Nothing seems unusual in setup. Just hit this by accident. I am checking that 
if there is any chance failing to delete the netdev.

> -----Original Message-----
> From: Ben Pfaff [mailto:blp at ovn.org]
> Sent: Friday, May 12, 2017 10:50 AM
> To: fukaige
> Cc: ovs-discuss at openvswitch.org; joe at ovn.org
> Subject: Re: Failed to add ovs bridge
> 
> Are you aware of anything unusual in your setup?  We have not had any
> similar reports.
> 
> On Fri, May 12, 2017 at 01:34:46AM +0000, fukaige wrote:
> > I am not using STP/RSTP.I saw the bug fix you mentioned, seems it is
> irrelevant to my problem.
> > May be there is some race condition lead to deleting netdev in
> > netdev_shash. But, I cannot figure it out right now.
> >
> > The occurrence probability is very low.

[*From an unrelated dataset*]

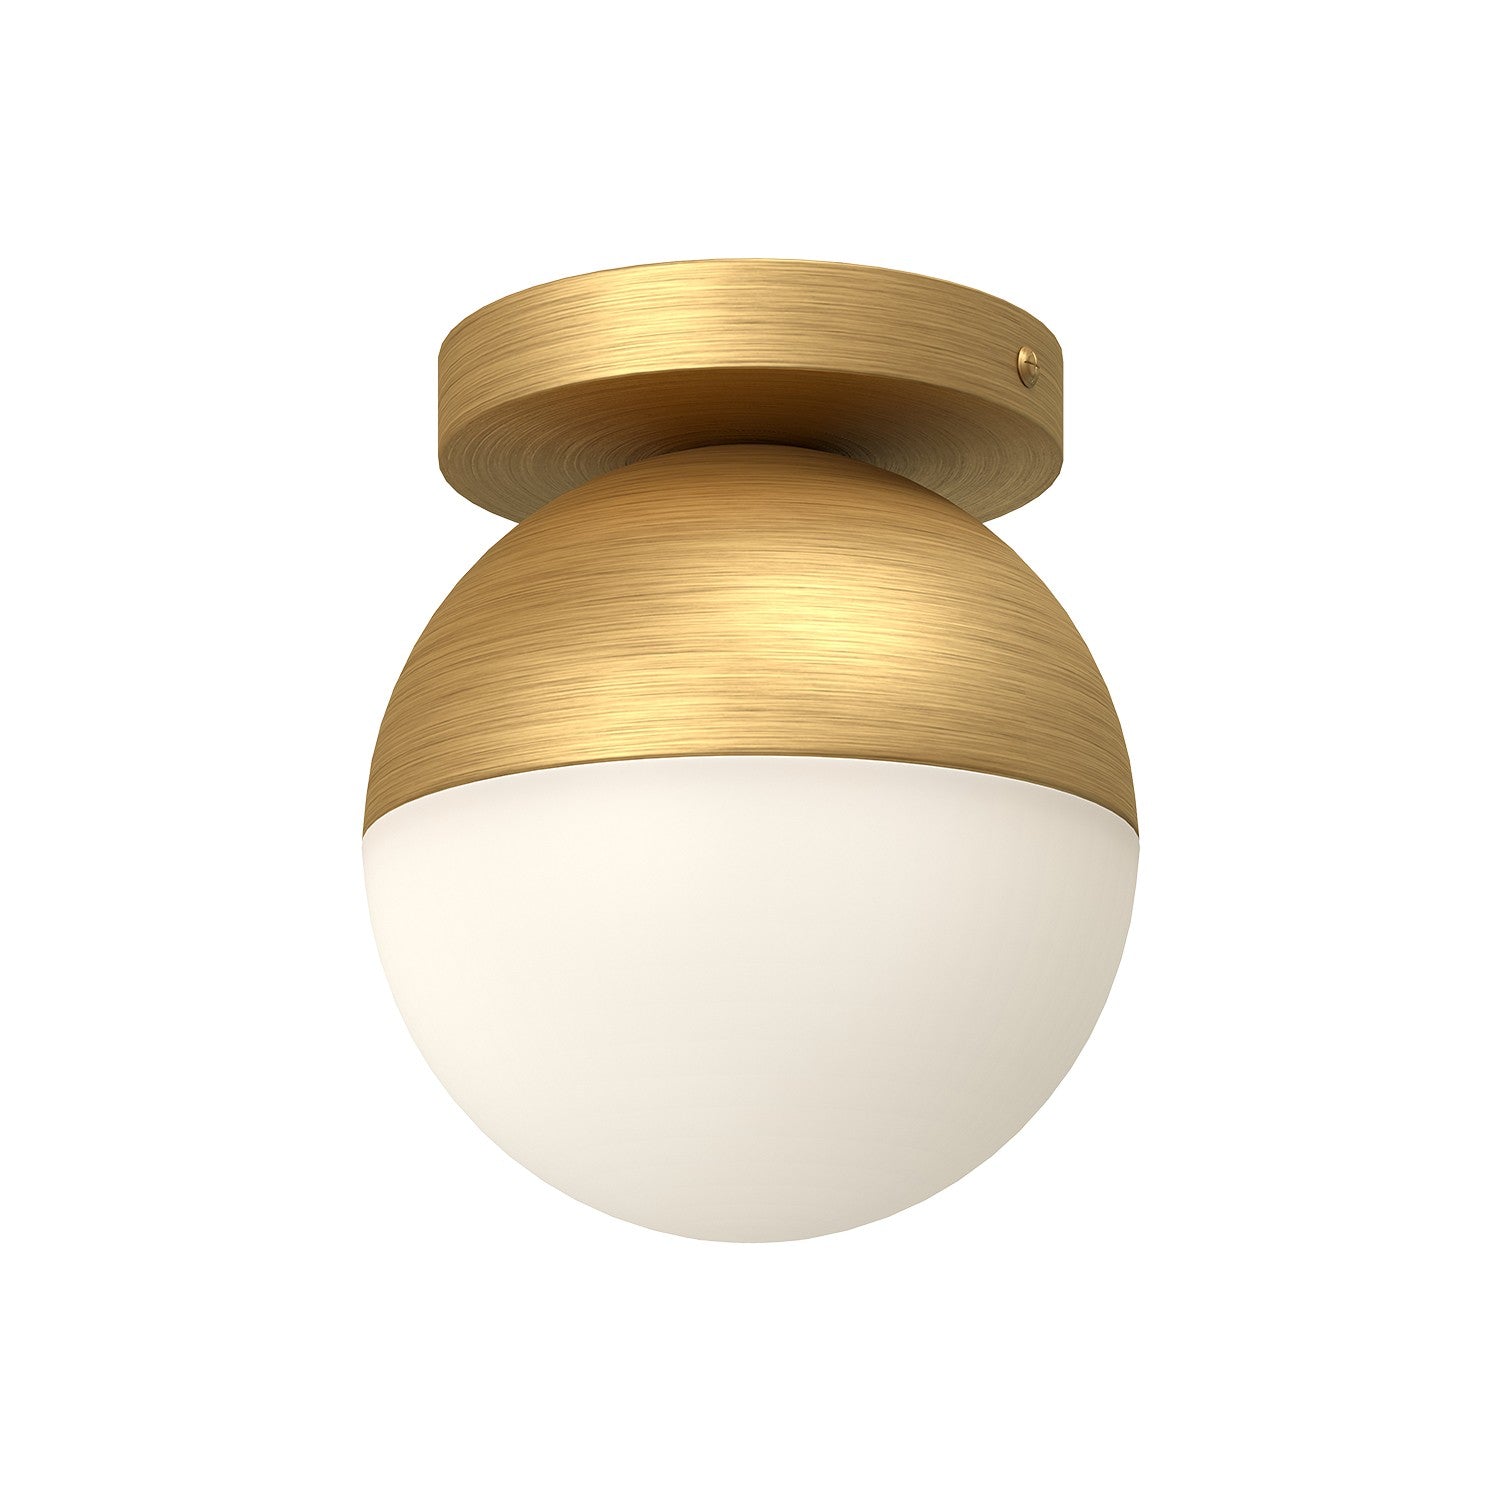 Kuzco Lighting - FM58306-BG/OP - One Light Flush Mount - Monae - Black/Opal Glass/Brushed Gold/Opal Glass
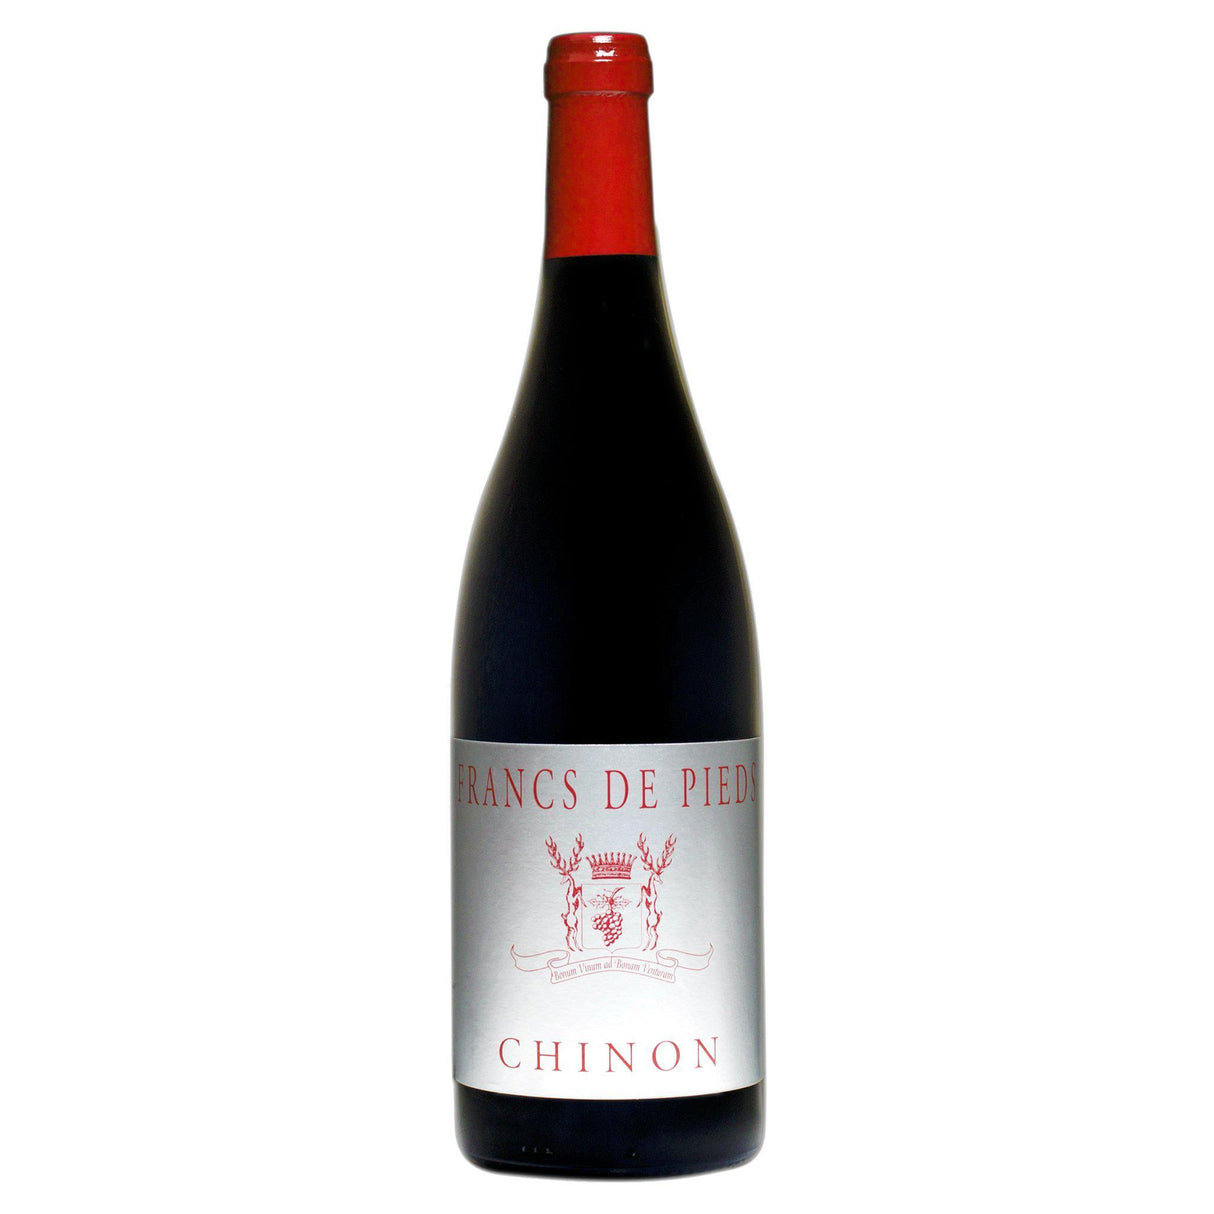 Chateau de Coulaine Chinon Franc de Pied 2013-Red Wine-World Wine

I just hit this for three times in two
> month.
> >
> > > -----Original Message-----
> > > From: Ben Pfaff [mailto:blp at ovn.org]
> > > Sent: Thursday, May 11, 2017 9:32 PM
> > > To: fukaige
> > > Cc: ovs-discuss at openvswitch.org; joe at ovn.org
> > > Subject: Re: Failed to add ovs bridge
> > >
> > > Are you using STP or RSTP?  There's a bug fix related to them on
> branch-2.5.
> > >
> > > On Thu, May 11, 2017 at 11:11:02AM +0000, fukaige wrote:
> > > > Hi all,
> > > >
> > > > Occasionally, I get error when creating a bridge using “ovs-vsctl
> > > > add-br
> > > br-eth”
> > > >
> > > >
> > > > ovs-vsctl: Error detected while setting up 'br-eth'.  See
> > > > ovs-vswitchd log for
> > > details.
> > > >
> > > >
> > > > Ovs-vswitched log is below:
> > > >
> > > >
> 2017-05-11T03:45:25.293Z|00026|ofproto_dpif|INFO|system at ovs-system:
> > > > Datapath supports recirculation
> > > >
> 2017-05-11T03:45:25.293Z|00027|ofproto_dpif|INFO|system at ovs-system:
> > > > MPLS label stack length probed as 1
> > > >
> 2017-05-11T03:45:25.293Z|00028|ofproto_dpif|INFO|system at ovs-system:
> > > > Datapath supports unique flow ids
> > > >
> 2017-05-11T03:45:25.293Z|00029|ofproto_dpif|INFO|system at ovs-system:
> > > > Datapath supports ct_state
> > > >
> 2017-05-11T03:45:25.293Z|00030|ofproto_dpif|INFO|system at ovs-system:
> > > > Datapath supports ct_zone
> > > >
> 2017-05-11T03:45:25.293Z|00031|ofproto_dpif|INFO|system at ovs-system:
> > > > Datapath supports ct_mark
> > > >
> 2017-05-11T03:45:25.293Z|00032|ofproto_dpif|INFO|system at ovs-system:
> > > > Datapath supports ct_label
> > > > 2017-05-11T03:45:25.364Z|00001|ofproto_dpif_upcall(handler226)|INF
> > > > O|re ceived packet on unassociated datapath port 0
> > > > 2017-05-11T03:45:25.368Z|00033|netdev_linux|WARN|ethtool
> command
> > > > ETHTOOL_GFLAGS on network device br-eth failed: No such device
> > > > 2017-05-11T03:45:25.368Z|00034|dpif|WARN|system at ovs-system:
> failed
> > > to
> > > > add br-eth as port: No such device
> > > > 2017-05-11T03:45:25.368Z|00035|bridge|INFO|bridge br-eth: using
> > > > datapath ID 00002a51cf9f2841
> > > > 2017-05-11T03:45:25.368Z|00036|connmgr|INFO|br-eth: added service
> > > controller "punix:/var/run/openvswitch/br-eth.mgmt"
> > > >
> > > > Then I delete the br-eth, then try to add it. But, still get same error as
> above.
> > > However, bridge which name is different from br-eth can be created
> > > successfully.
> > > >
> > > > Some clues:
> > > >
> > > > 1.       As I kown, the port br-eth’s type is internel, and there is no
> way to
> > > get into netdev_linux_ethtool_set_flag(). But, the log shows that
> > > request.type is wrong.
> > > > request.type get wrong value OVS_VPORT_TYPE_NETDEV instead of
> > > OVS_VPORT_TYPE_INTERNAL.
> > > >
> > > > static int
> > > > dpif_netlink_port_add__(struct dpif_netlink *dpif, struct netdev *netdev,
> > > >                         odp_port_t *port_nop)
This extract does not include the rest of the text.